Archie Anderson, 84, founded the Elephant Car Wash chain, for which he commissioned the greatest pink-elephant neon sign to ever grace Denny Way.

Warshal's Sporting Goods, which held its final inventory auction on May 12, was a lingering hometown retailer in a downtown Seattle increasingly inhospitable to non-chain stores. It was also a throwback to an earlier "great outdoors" aesthetic, involving hunting and fishing in Pendleton wool jackets instead of hiking in Gore-Tex. The Warshal family co-owned the building, and will likely make more from its office-and-condo replacement than they did in recent years from the store.

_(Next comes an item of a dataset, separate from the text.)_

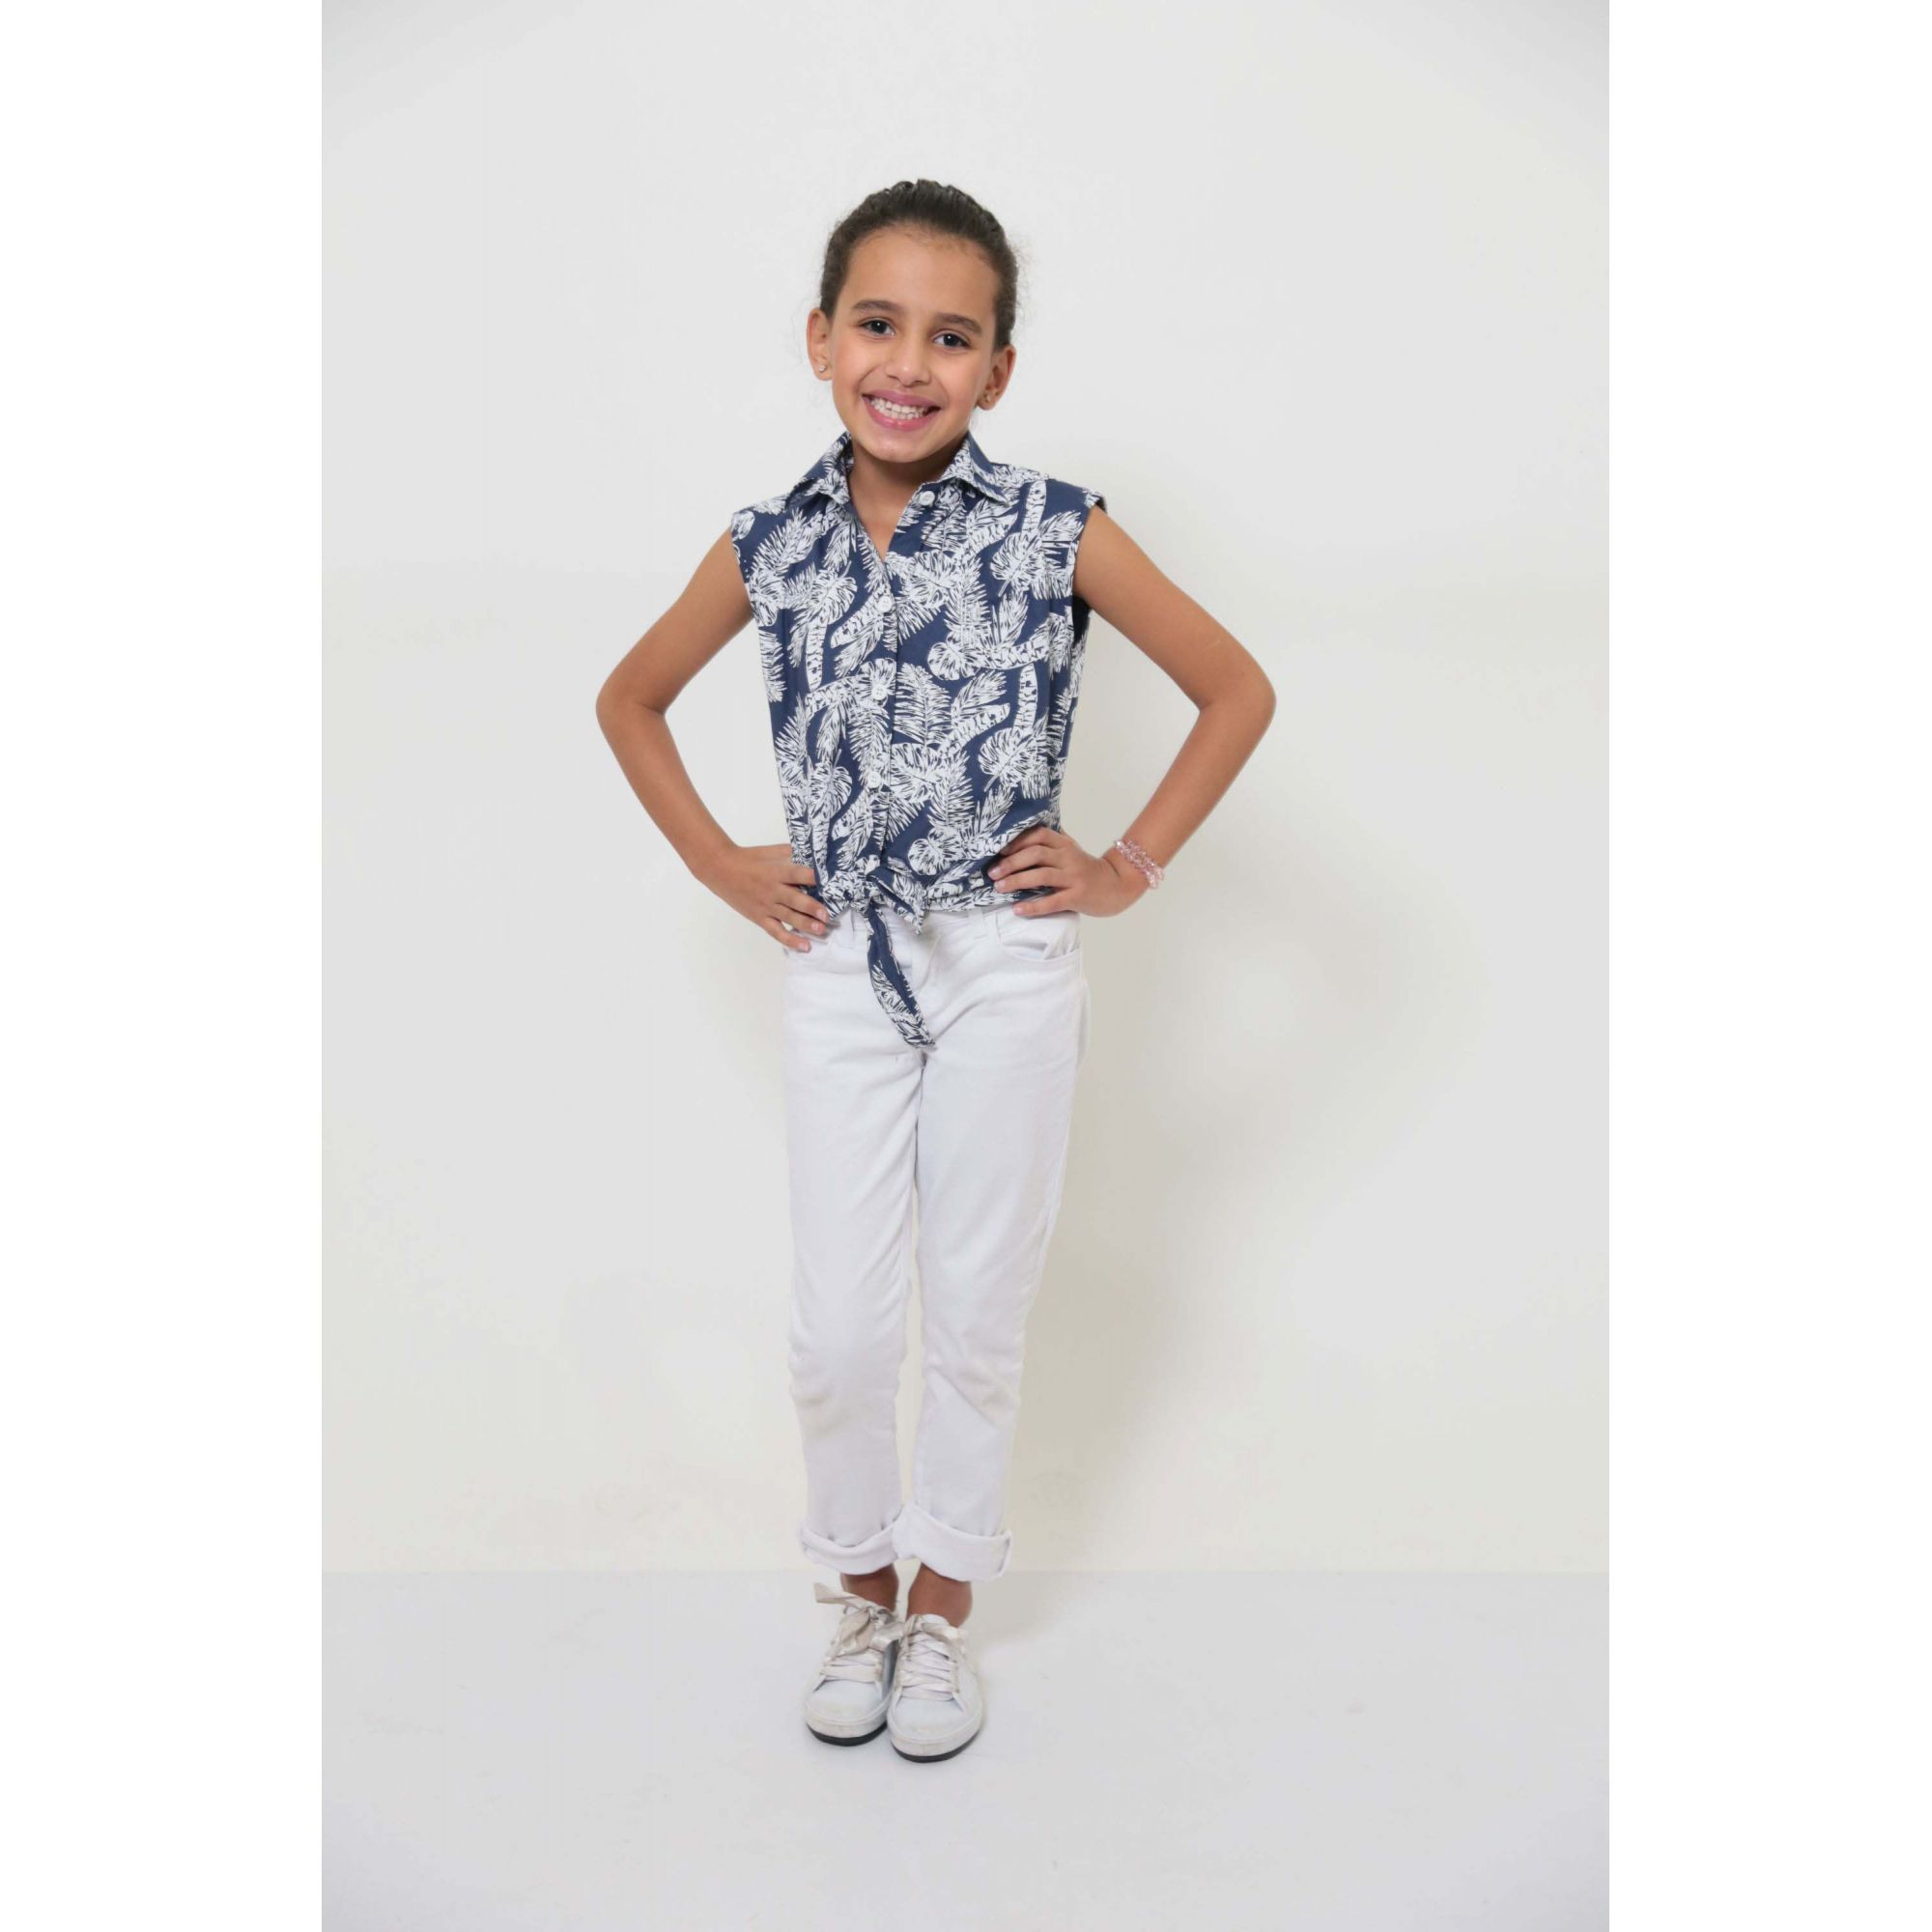 PAI E FILHA > Bermuda Masculina + Camisa Feminina Infantil Azul Floresta [Coleção Tal Pai Tal Filha]  - Heitor Fashion Brazil
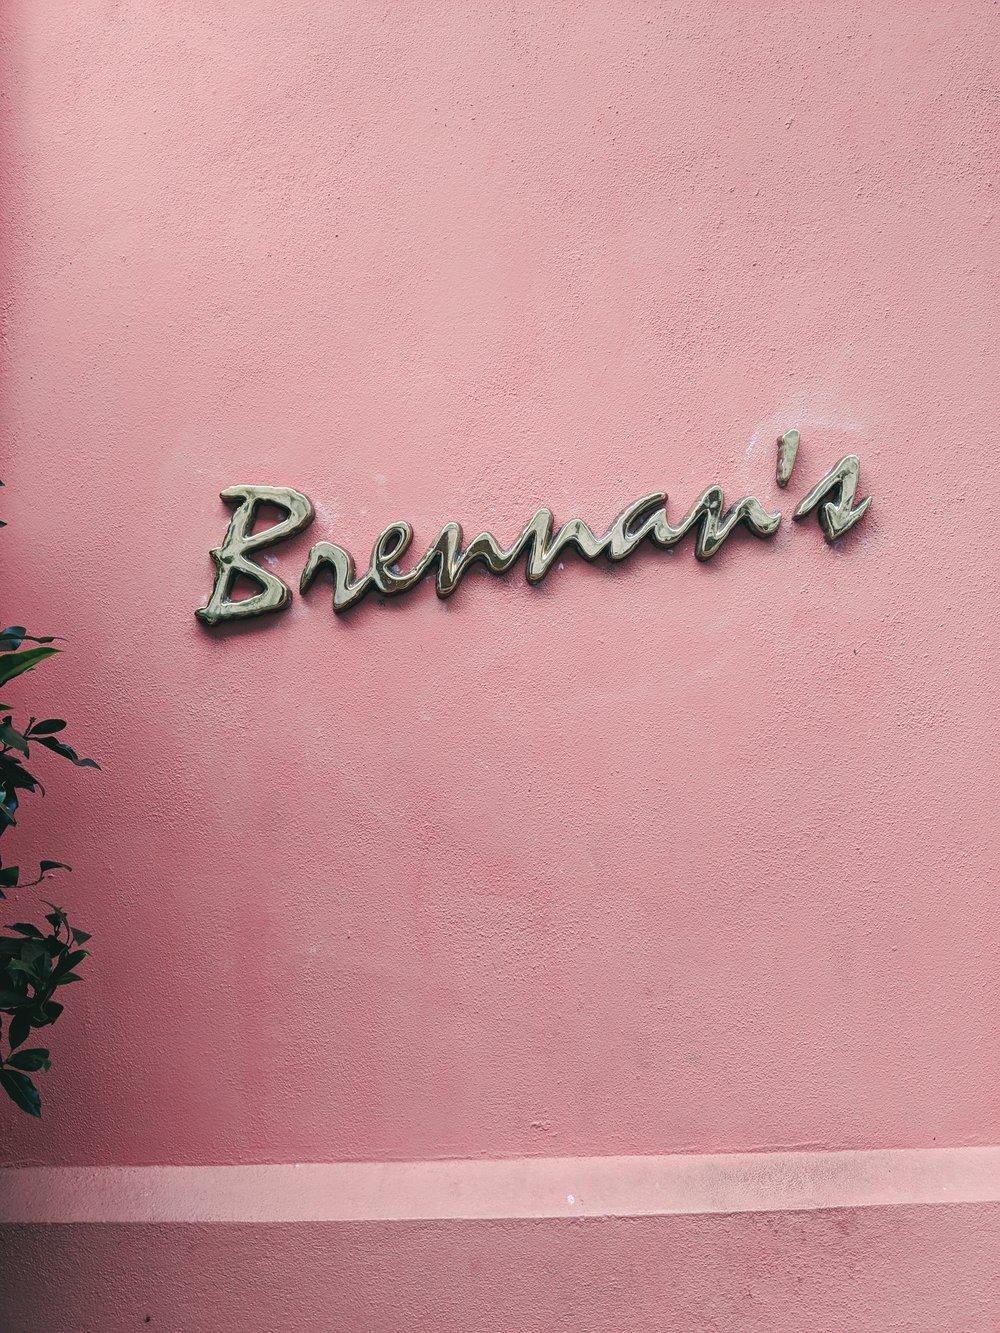 brennans1.jpg

Douglas Adams, 49, already had a stint in radio-TV scriptwriting (including the space opera Doctor Who) when his first Hitchhiker's Guide to the Galaxy novel came out in 1979. This series of books (and its TV, radio, and computer-game adaptations) paid loving tribute to sci-fi genre conventions, while using them for spirited farce (never for mere parody). His other works included Dirk Gently's Holistic Detective Agency, The Meaning of LIFF, Last Chance to See (a serious book about endangered species), and the online encyclopedia H2G2 (www.bbc.co.uk/h2g2/guide).

Perry Como, 87, was a big-band singer in the '30s, then perfected the "relaxed" crooning style that made him one of TV's first big stars (in his own 1950-63 series, and in guest spots and specials thereafter). The "We Get Letters" music on the Late Show with David Letterman was originally the theme to Como's viewer-request song segment.

The Xtreme Football League vowed to make football more exciting by relaxing the rules on defensive blocks and hits. The result was a dogged defensive game in which nobody scored any points, while loud announcers and gaudy cheerleaders tried maniacally to attract dwindling audiences to lumbering punt-fests.

Alex Edelstein, 82, University of Washington journalism prof and tactfully described "companion" of Seattle Times columnist Jean Godden for 12 years, taught many students, including this one, how to say what needed to be said and then stop without getting overwrought or cloying, especially in obituaries.